What's The Actual Point?
As a member of the tribe, let me say it's a "shonda" when my peeps don't get satire. After all, wasn't it the learned Rabbi Maimonides who argued for a 5th section of the Talmud in which each passage in the Torah was analyzed as a work of pure divine sarcasm? (No. No it was not. At all). In any event, Sacha Baron Cohen is not anti-Semetic - and not just because he's Jewish. I mean, look at Philip Roth. (Yeah you heard me, Roth. I know you read Cracked and I'm calling you out. I don't care if you're 90, you're toast. Just ask Updike. Oh what's that? He's dead? Yeah, that's right).
Yes, Borat is a Jew-hater, but his anti-Semitism actually serves as a statement against religious hatred.
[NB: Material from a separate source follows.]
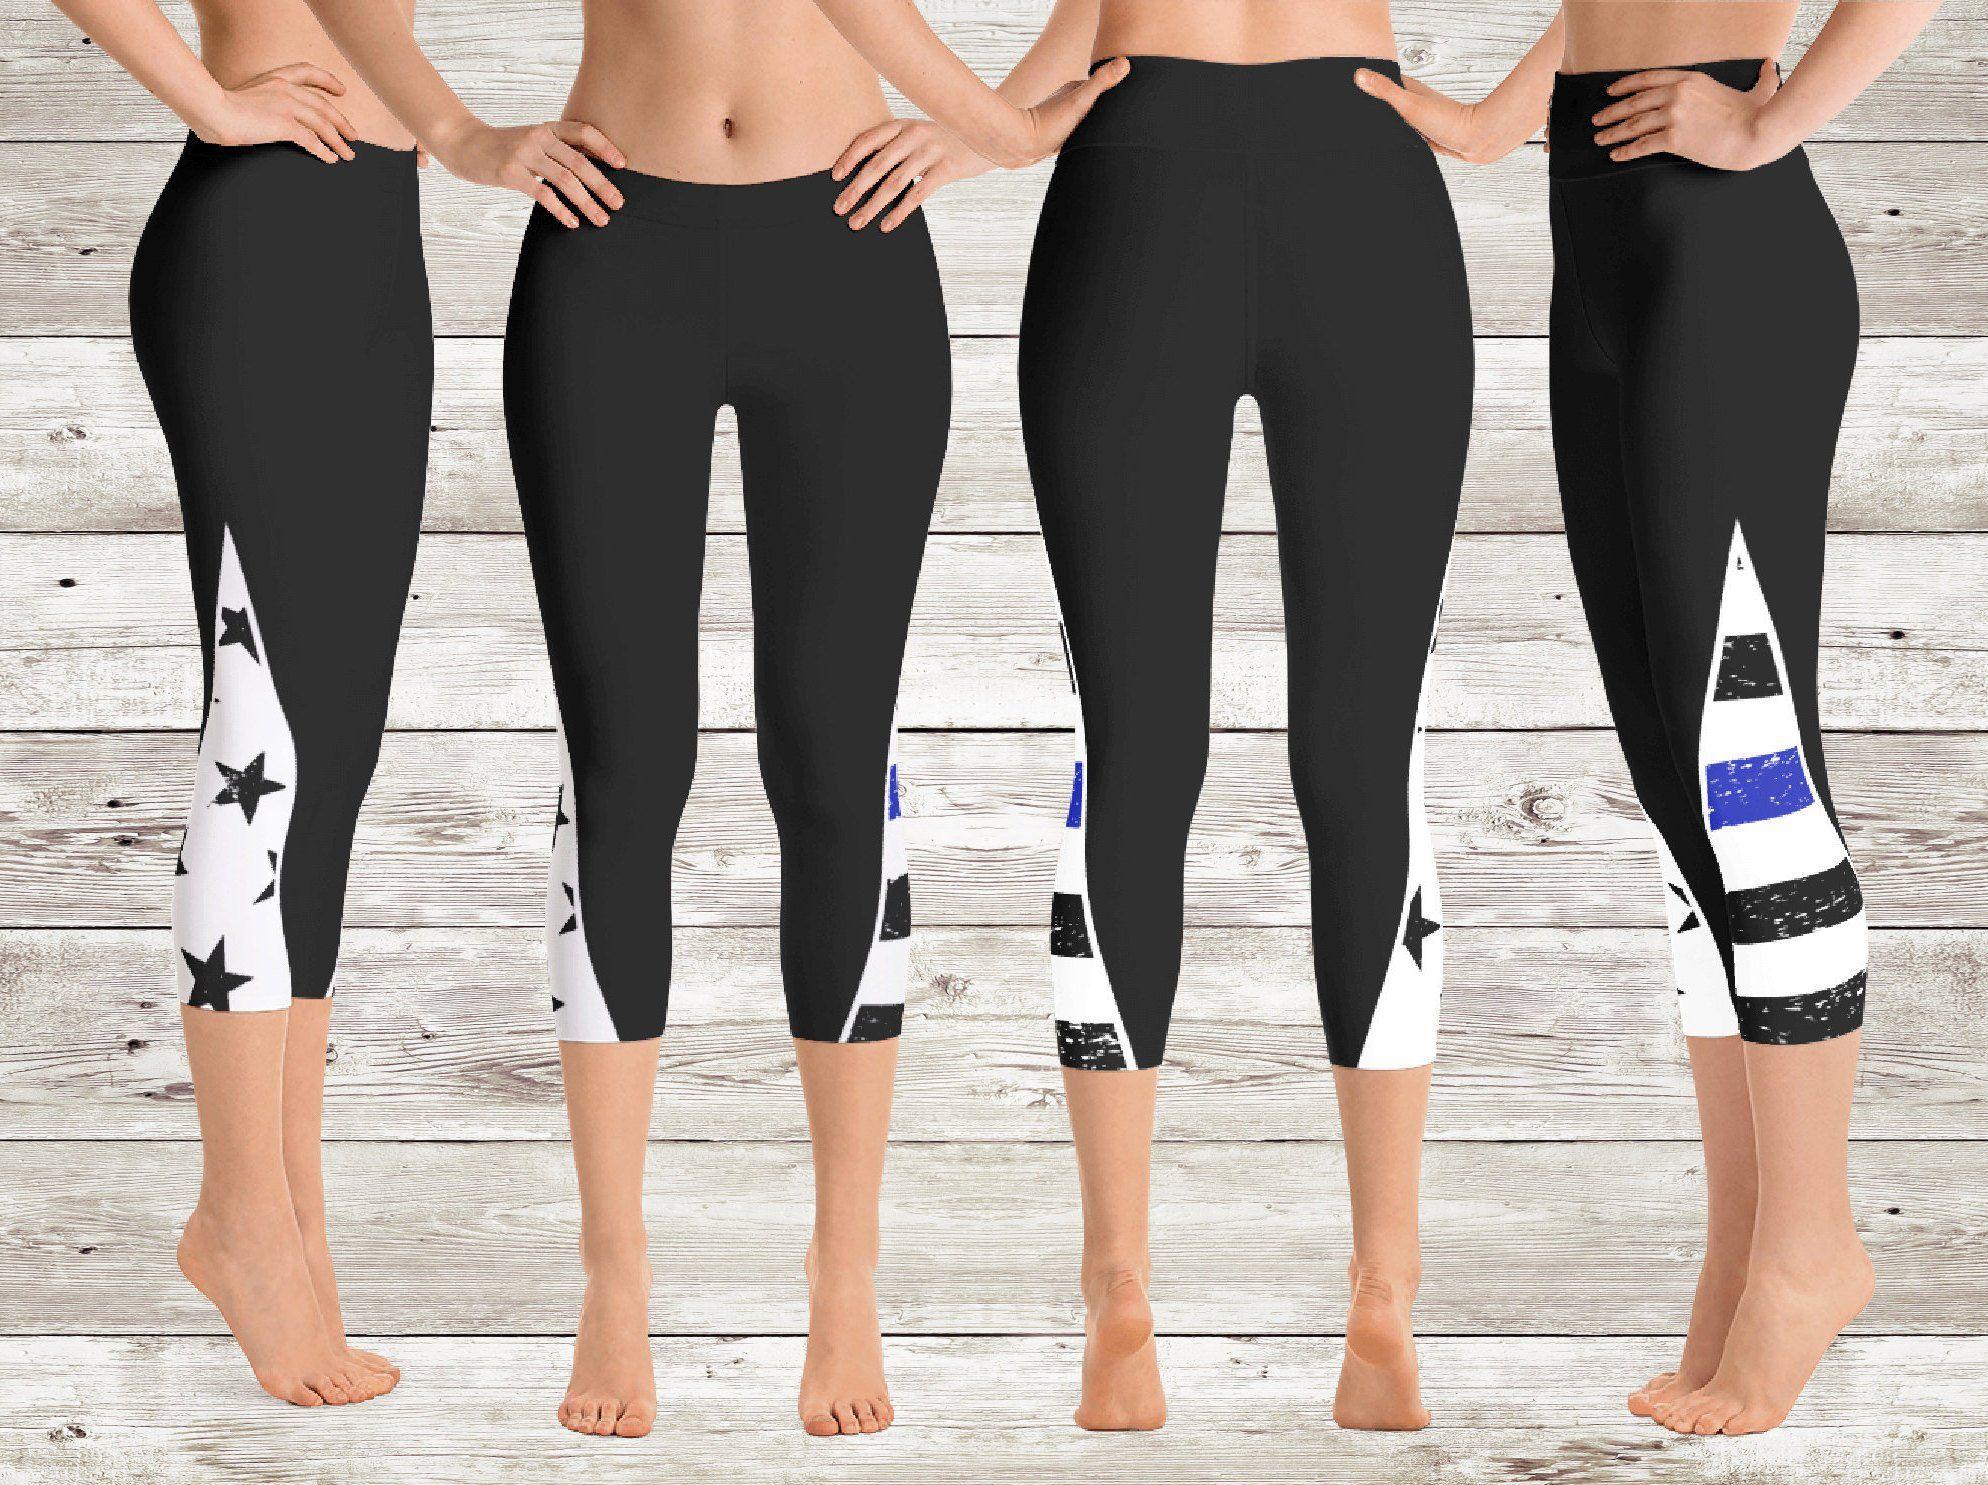 Thin Blue Line Capri Leggings - Back the Blue Leggings - Blue Lives Matter Yoga  Pants - Thin Blue Line Workout Gear - Thin Blue Line Apparel 4cdb67c92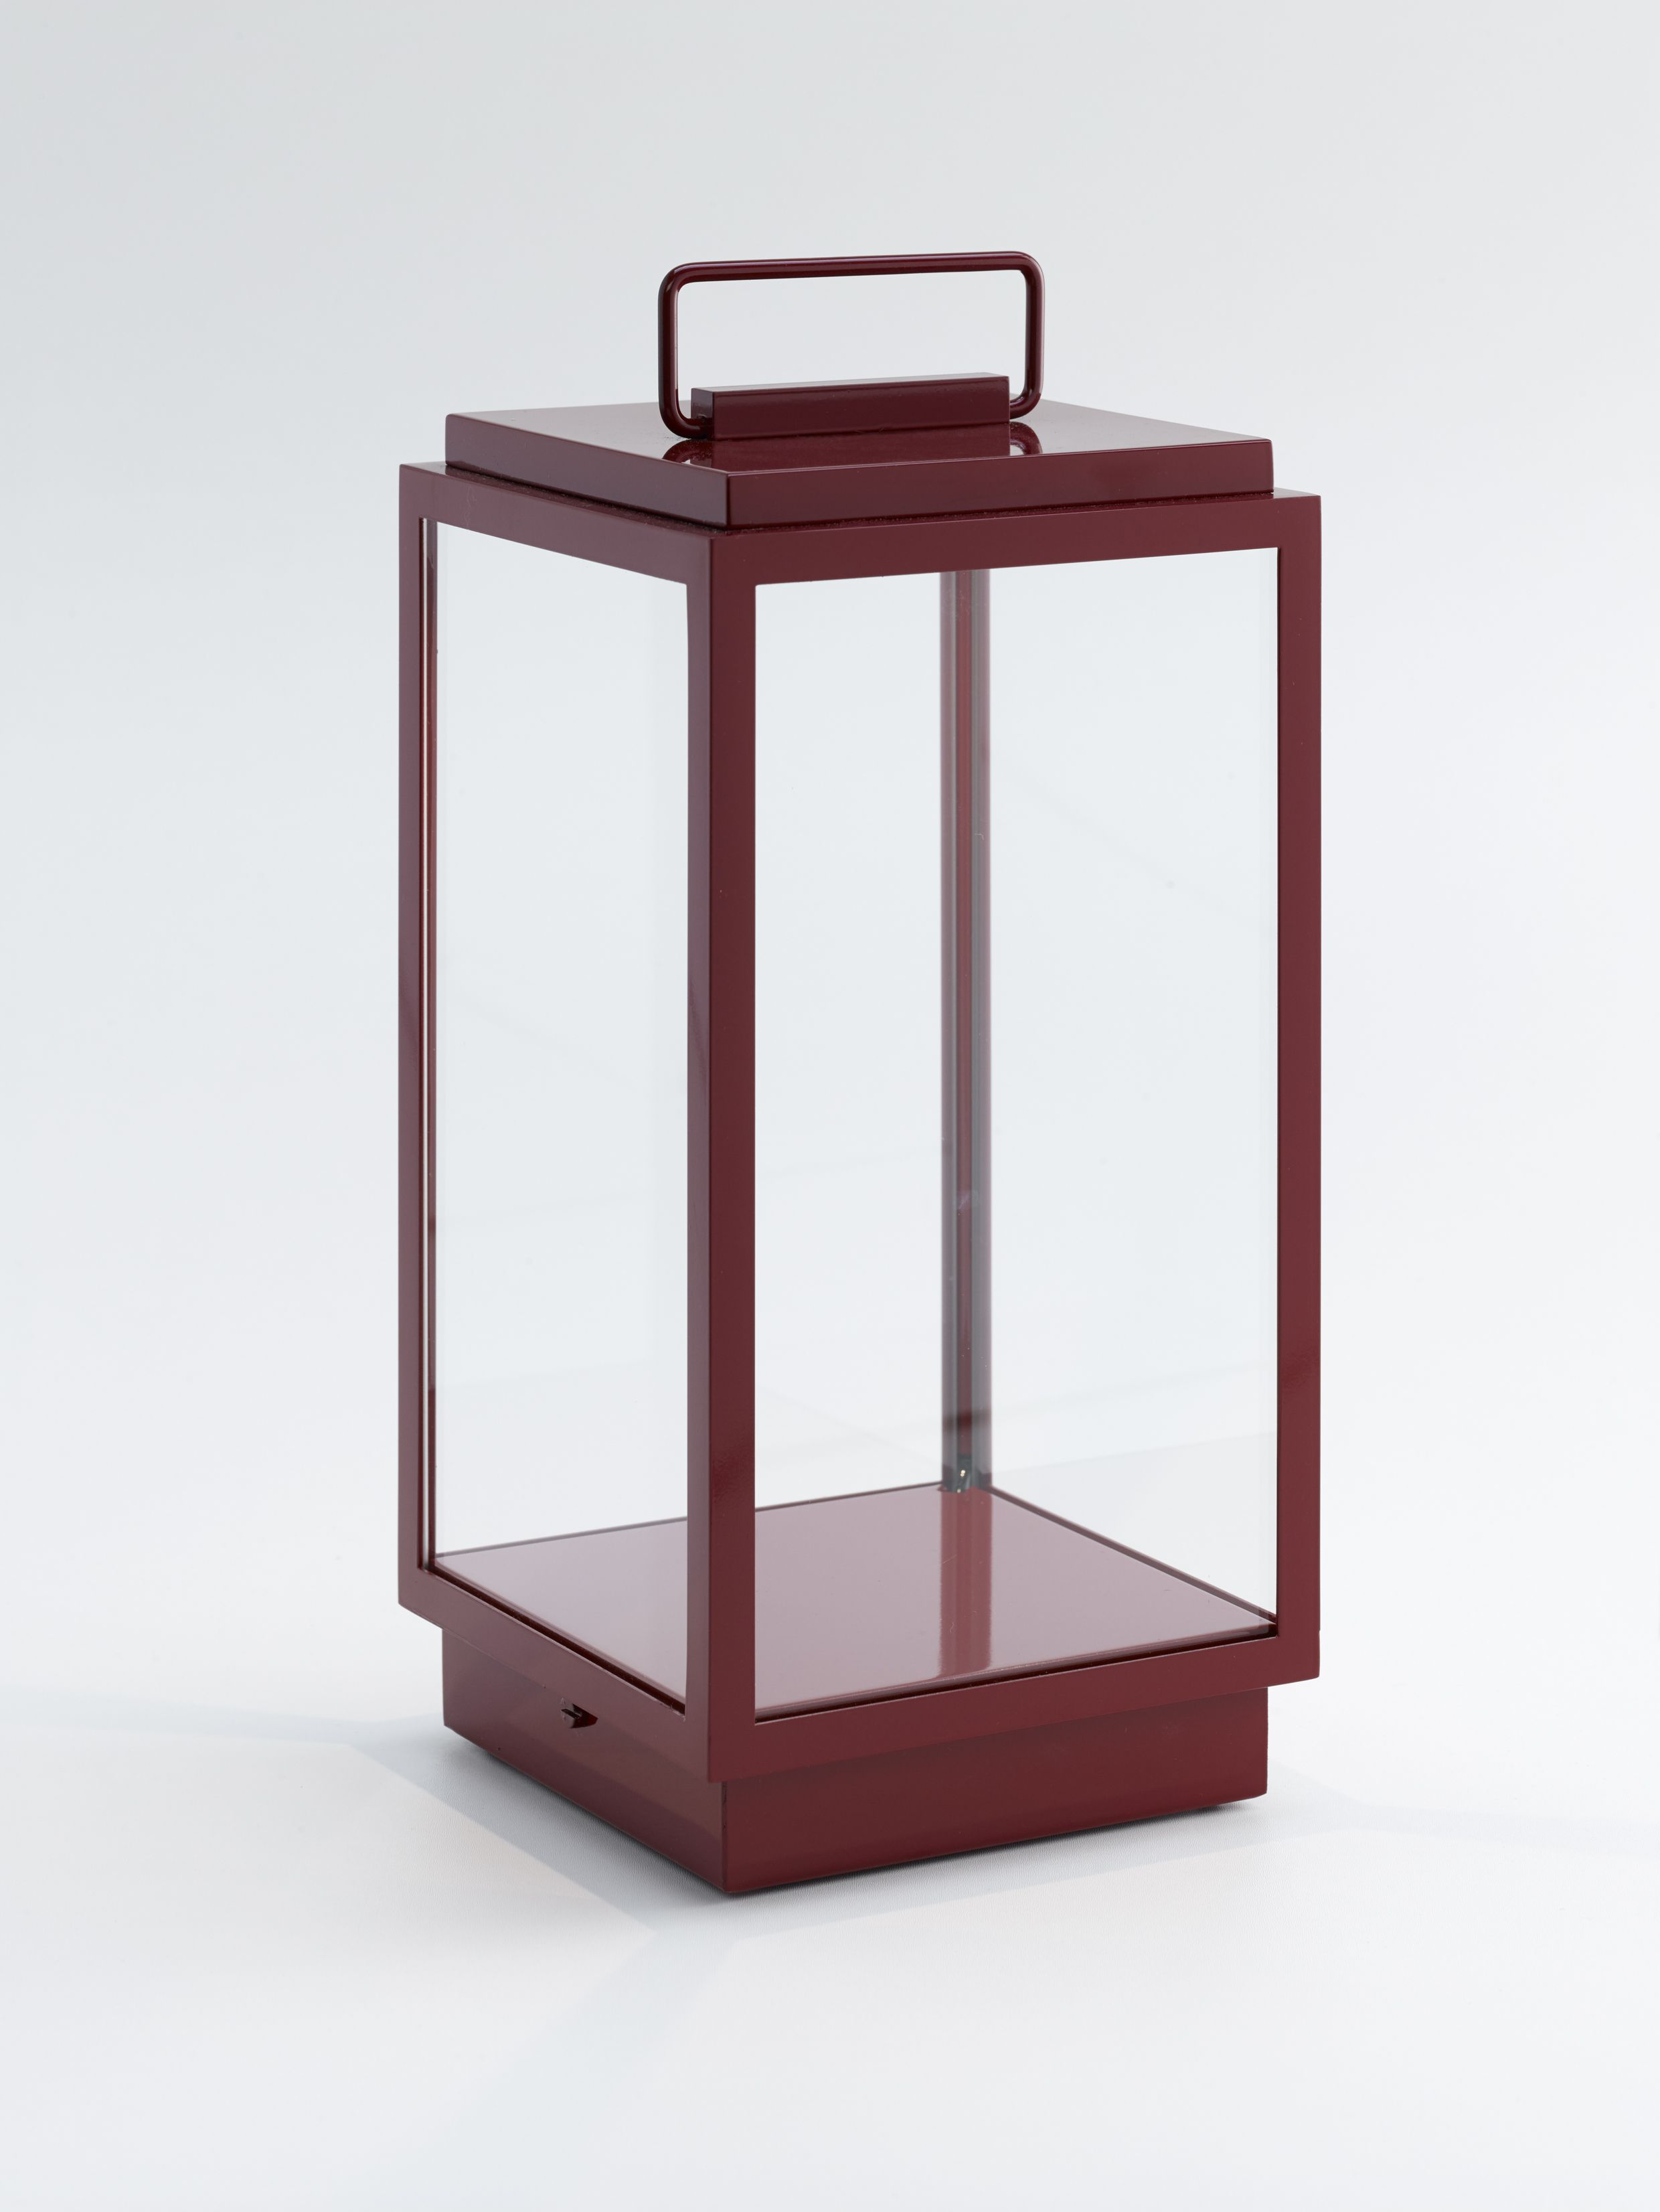 TEKNA presents Nautic | Blakes Table Lamp in Kenia Red

In one scene we see Borat's completely childlike and unwarranted fear from an old Jewish couple (seemingly the sweetest couple ever) running a bed and breakfast. When he throws money at two bugs that he believes are the transmogrified Jews, the only joke is at his expense.
And Borat's shining hour has to be the segment from Cohen's Da Ali G show in which Borat leads a group of southern rednecks in a rousing rendition of his country's anthem "Throw The Jew Down the Well." Tells you a lot about America that a decidedly Arab-looking man like Borat can walk into a redneck bar in the wake of 911 and be embraced fully. Why? Because who can't get behind some good ol' fashion Jew hating? Sacha Baron Cohen dressed as an Arab and singing about murdering Jews gets a warmer embrace than he would dressed as his Jewish self singing satirical songs about the then Bush administration. So the real point of Borat is not to beat up on Arabs or Jews, but to show the hate that sits below the surface of the "good guys." A hatred that can be brought out with the mere catalyst of an outlandish cultural stereotype like Borat.